Unfortunately, many advocate networks have been started without a thoughtful analysis of potential structures and approaches: they’ve grown haphazardly over time. In these cases, the information below should be used to help the reader analyze the network’s current structure with an eye toward potential improvements (and resolutions in the new year!).
Following are different options for who an advocacy leader might decide to include in an advocate network:
1.) All members of an organization (or employees of a corporation)
Many organizations choose to comprise their advocacy network of all members of their organization or employees of the corporation. This means that everyone is considered an advocate by virtue of their membership in the organization regardless of whether they have specifically signed up for that role. Under this structure, everyone will be included in the advocate database and will receive action alerts and other materials about policy activities.
2.) A subset of members of an organization (or employees of a corporation)
In some cases, advocacy leaders at an organization may decide to have a subset of members or employees be part of the advocacy team. For associations, these may be individuals who specifically request to be part of the network, members of the public policy committee of the board and/or organization members who live in key legislators’ districts. For corporations, the network may be built of only managers, owner / operators of franchises or facilities or only those employees who live in a certain geographic area or who have a certain job title.

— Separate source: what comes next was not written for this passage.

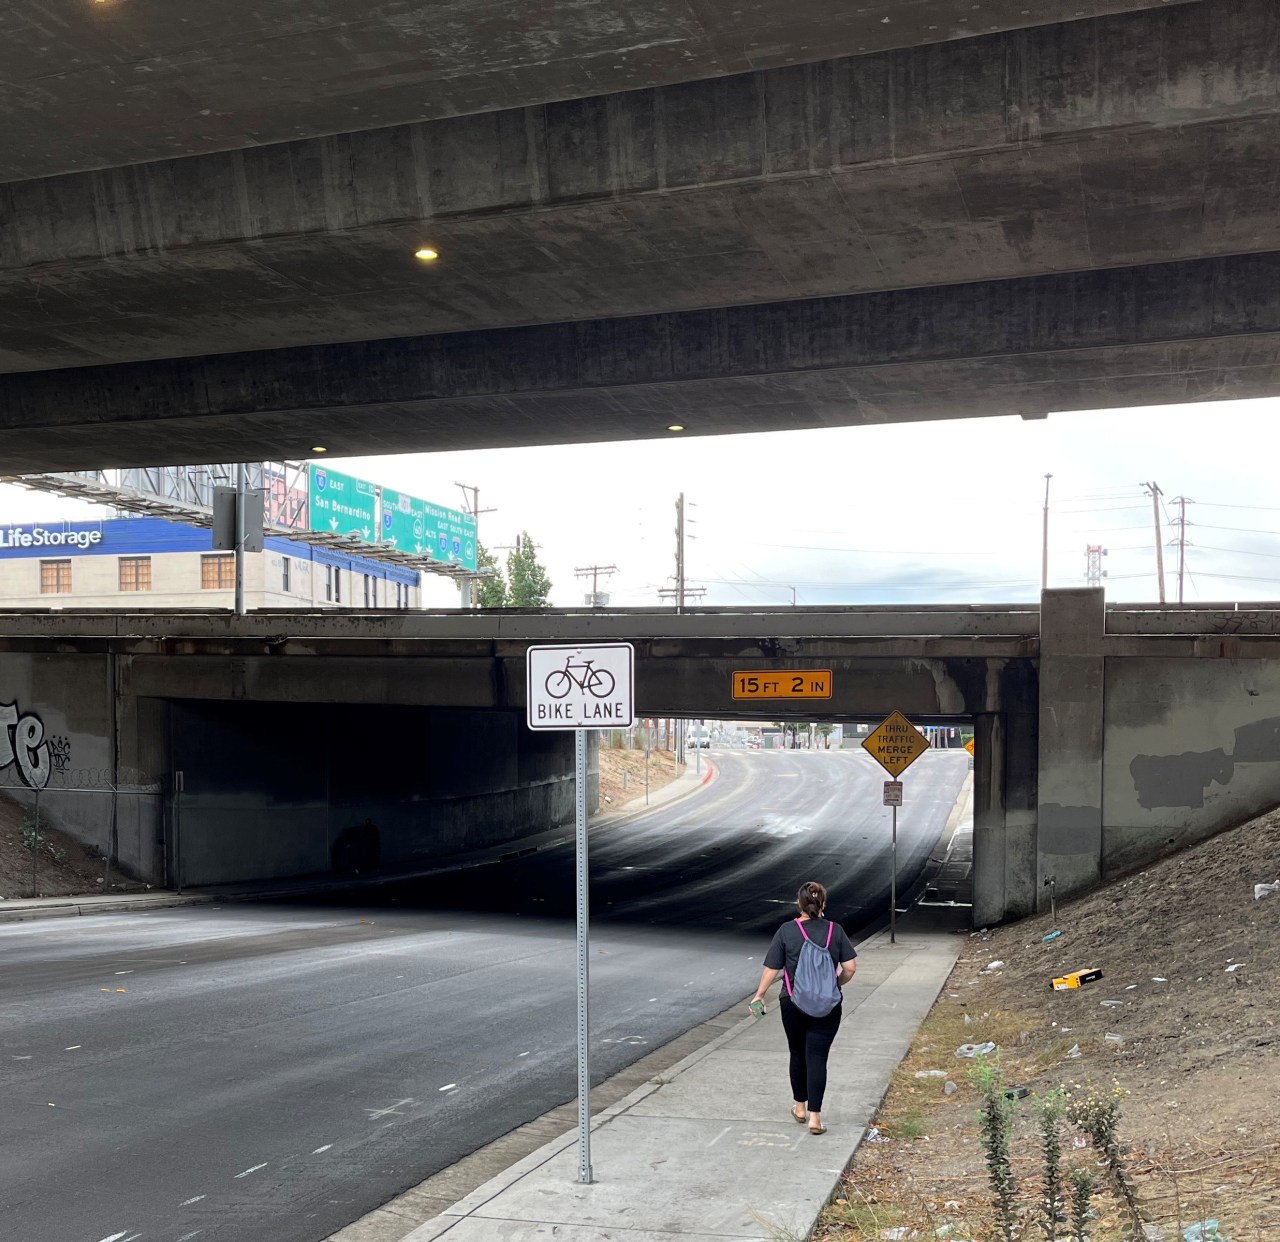 The relatively quiet Ramirez Street crosses under the 101 Freeway. Preliminary bike lane markings and new bike lane sign visible.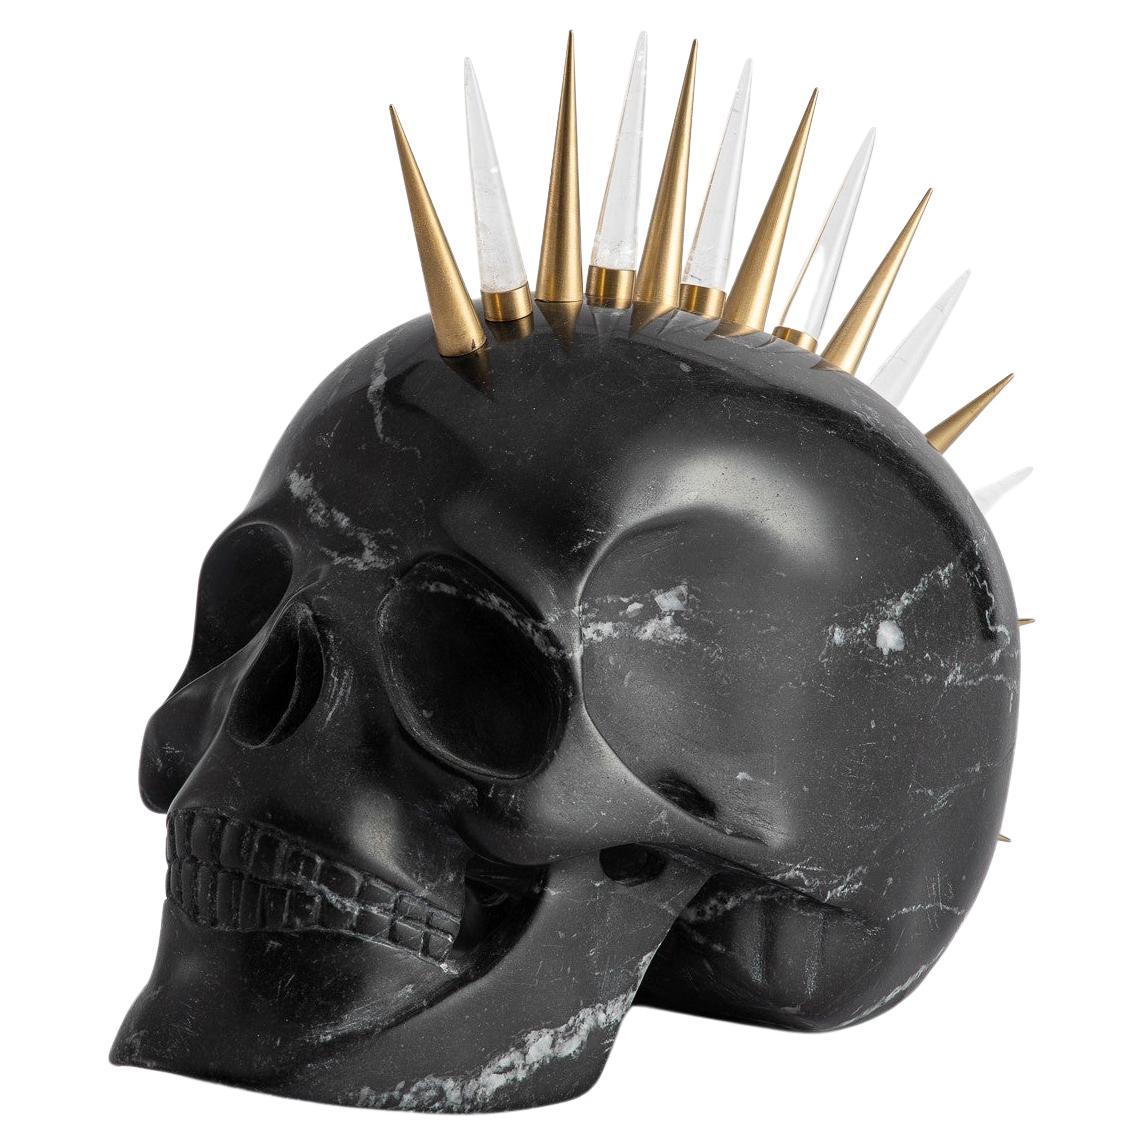 Engage your senses with this remarkable, carved Nero Marquina marble skull, a provocative work of art that revels in its audacious form. More than an artifact of the macabre, it is a stirring exploration of contrasting aesthetics and materials that

3.) A targeted group of individuals affiliated with an organization or company but not necessarily members or employees
Many corporations build advocacy networks as a service to their customers, as a benefit to retirees or other beneficiaries of their products or services. Some pharmaceutical companies, for example, help finance the development of advocate groups made up of patients who benefit from their product. In some cases, these may be established as separate, independent organizations. In other cases, they may be directly associated with the company in question.
4.) Citizens-at-large or the general public (whether targeted to a specific geographic area or policy topic or more general)
Some advocate leaders find their cause to be of sufficient interest to members of the general public that they are able to recruit members of their advocate network from this broader pool. This may include members of the general public in a specific geographic area (for example, in the case of advocacy on a city or neighborhood-specific initiative, such a new park) or more broadly, such as across a state, across the country or internationally. In many cases, particularly with associations, a strong advocacy effort can also serve as a marketing tool to boost membership in the overall organization.
5.) Some combination of the above
Finally, many advocate networks may include combinations of the above approaches.
- Scenario A: An association includes all of their individual members as members of their advocate network, as well as members of the general public that support their ideas.
- Scenario B: A corporation asks all managers to be a part of the advocate network, as well as customers, retirees and others that will benefit from proposed policy changes.
- Scenario C: A professional association builds an advocate network based on the expressed interest of anyone, whether a member of the organization or not, in being an advocate for the policy issue in question.